Why are you worried about something so minimal? It's okay!
And I know he's right, in my heart. But it appears my brain likes to go in circus mode, spinning round and round the negativity throughout the day, until I'm so exhausted I finally fall asleep.
Why do I do this to myself? It isn't that I'm not doing things. I do plenty of things. I take care of my incredible and high needs baby. I do domestic things around the house (cooking, cleaning, laundry). I do have several plants in pots outside that I tend to. I have started one knitting project. I keep up to date with my family in So-Cal and in Texas. I have been working on writing again, hence this blog. I mean, I really am doing things. Why is it so hard to convince myself it is enough?
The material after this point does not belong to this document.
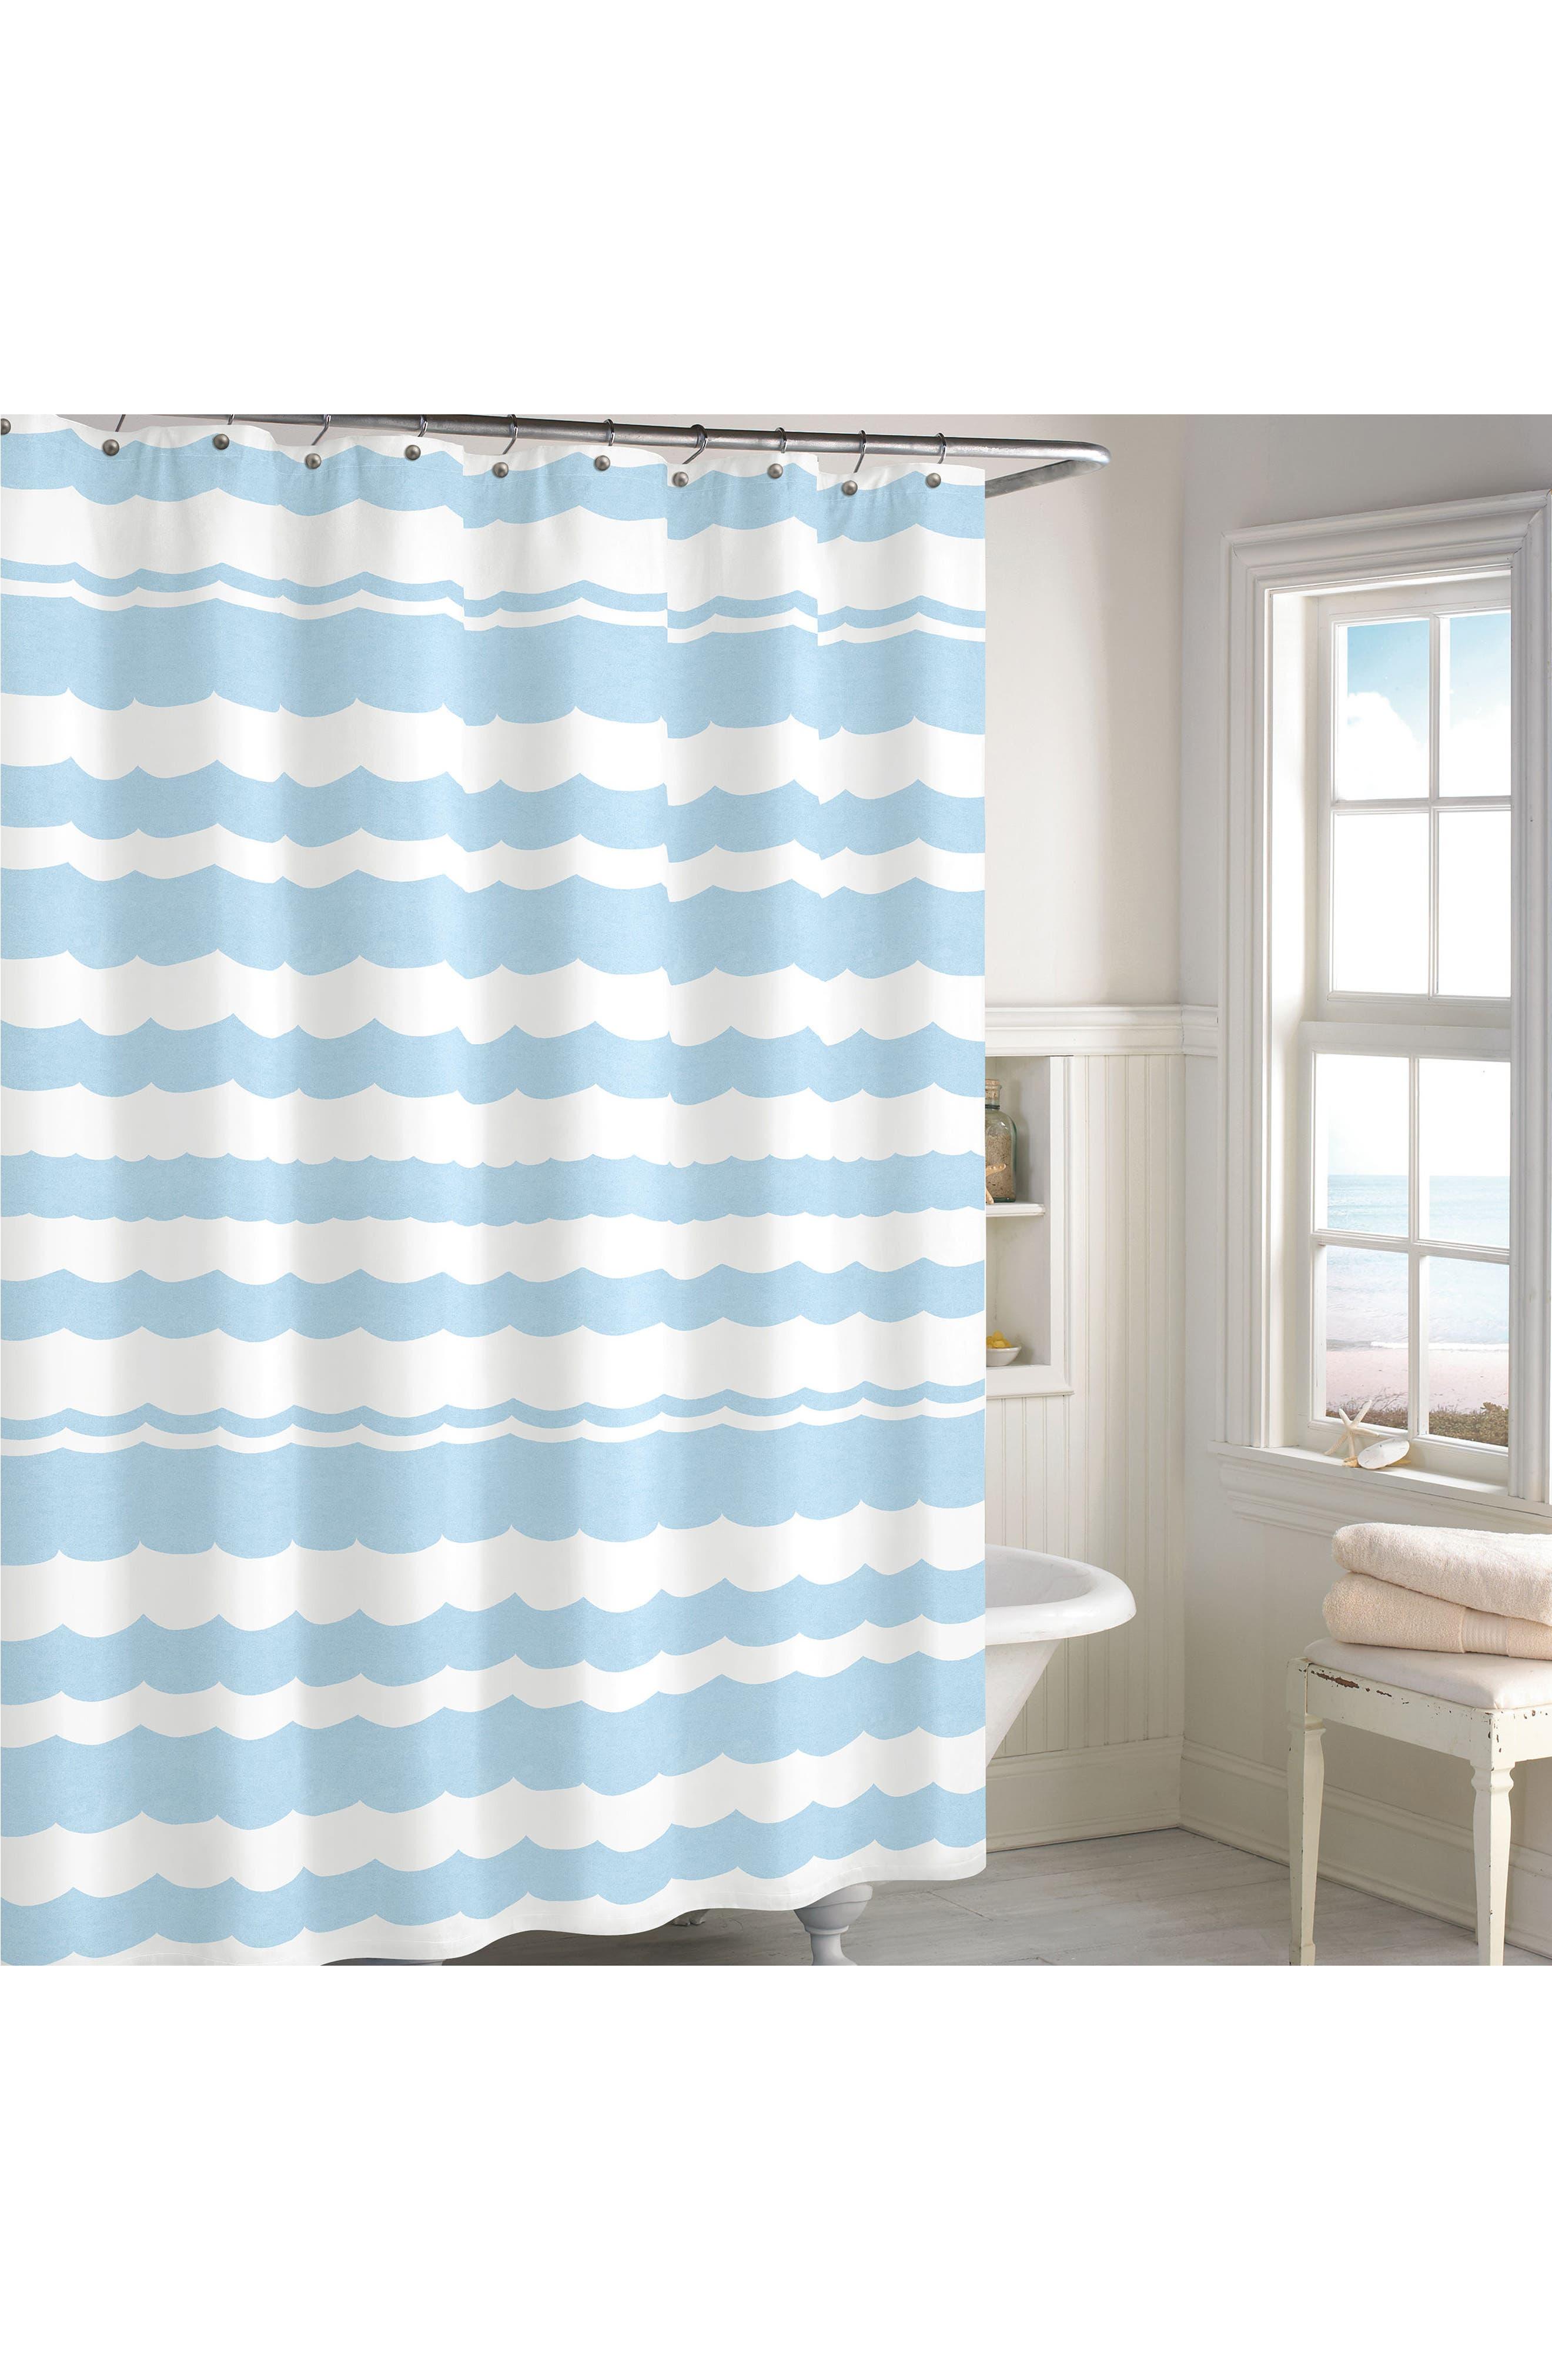 Wave Scallop Shower Curtain,                             Main thumbnail 1, color,                             Blue

Today I decide that, yes, it is enough. I am not on some sort of life schedule that I have to have anything done at a certain time at a certain date or I'm not worthy. I get things done when I can, and it is okay if its not exactly when I want it to be done. Everything is exactly how it should be.
My life doesn't have to be based on fantasy, and really, it isn't. It is hard to see the pieces fitting together when you look at something through a microscope. But assuredly, the pieces, even if they look insignificant, will all equal into a beautiful picture, much grander than anyone could ever imagine. I need to trust that it will always work out, because it always does in the end.